You will be hard pressed to find any frames right about now. Just about everyone is backordered. Mann Lake and dadant are. I ordered from better bee last month and got my stuff with in a week. But I only ordered Pollen traps, feeder plugs and feeder hole caps for the hive lids. One week is not bad, I am wanting Mann LAkes PF120s and they are out of stock at this time. I had not expected to have this many swarms ceom through and me be in need of more boxes and frames But I am. I was for 4 hives and I am up to 7 now and I need to make splits in the next week or so so I will be up to 10 before to long.

Angi


----------



## nursebee

Orders can be cancelled. If folks are out of equipment then call the people that make them themselves. Miller in NC, I think Humble Abodes in Maine, isn't there a Shastina Millwork, and check the bee mags. Brushy Mountain has a shop on premise also. Come to think of it, I probably have 20 pierco white maxed mediums all in one frames...new...

Network with local beeks. If anyone near me called, I can float them enough in a pinch.


----------



## indypartridge

Budster -

Regardless of what happens with your Betterbee order, do you know other beeks nearby who maybe can 'loan' you some frames & foundation until your order comes in? This is where belonging to a local club can really help.

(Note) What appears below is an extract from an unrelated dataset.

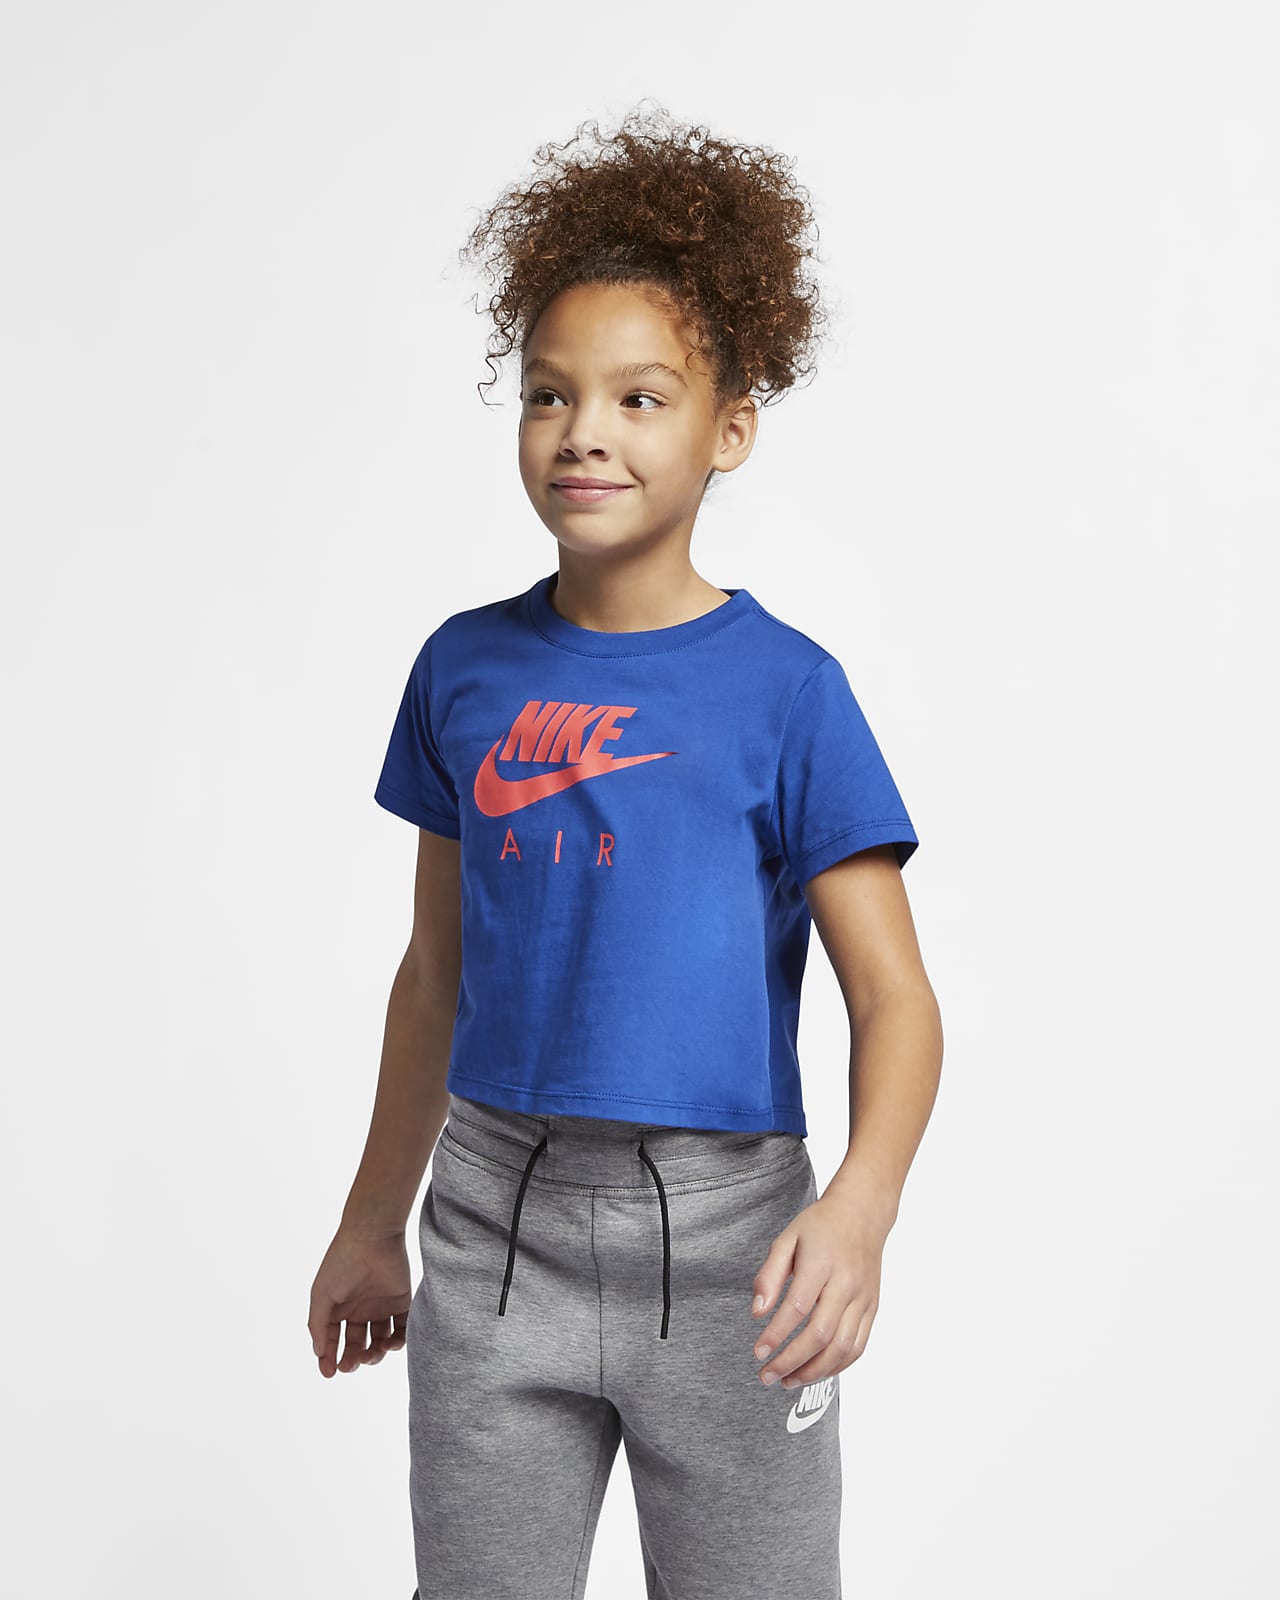 Nike Air Kurzoberteil für ältere Kinder (Mädchen)

Also, maybe you could try calling some of the smaller suppliers that are closer to you? Off the top of my head I know Simpson's Bee Supply and Blue Sky Bee Supply are both in Ohio. 

Good Luck.


----------



## Budster

Thanks for the replies... I emailed Simpson Bee Supply to see if they have them available.


----------



## Dan Williamson

I've got 20 deep frames and some pierco foundation. You are more than welcome to head over this way and get some if you are in that much of a rush!


----------



## Budster

I called BetterBee today, no real firm answer on frames. I cancelled my order and ordered from Simpson Bee Supply. He verified that he had them in stock. Sad thing was, they haven't even emailed me keeping me in the loop...


----------



## TxBeecharmer

We ordered 10 medium frames and crimped wire from Betterbee yesterday (23 May). I should have called, but I ordered online. I called to confirm the order and to make sure they had everything in stock. 

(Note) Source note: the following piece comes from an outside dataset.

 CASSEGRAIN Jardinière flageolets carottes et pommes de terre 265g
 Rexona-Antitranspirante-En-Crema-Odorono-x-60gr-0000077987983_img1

Before I finished my sentence, the lady interupted me and said" I can't tell you anything until Tuesday. Call back on Tuesday.It's not on the computer until Tuesday." 

I said, "Look, I just want to know if you have 10 medium frames and crimped wire in stock."

She said they probably had that on hand. Okay.

This is our first year of beekeeping and we are on the 'learn as you go' plan, so we didn't actually know when we would need what. 

We ordered from Betterbee last year, and the super, cover, 10 frames and stand were built, painted, and have been sitting in my kitchen under a blanket since last Spring. We were supposed to get a nuc, but at the last minute, it didn't happen.

Then, 2 weeks before our bees arrived from B Weaver, a friend called and said, " hey, can you get this swarm out of my work area ? I can't get to my equipment with all these bees."

We had 3 shallows and 30 empty frames on hand, donated by a friend last year, and the swarm went right into that cobbled together wacky carpentry job along with about $12 of luan and yellow pine. 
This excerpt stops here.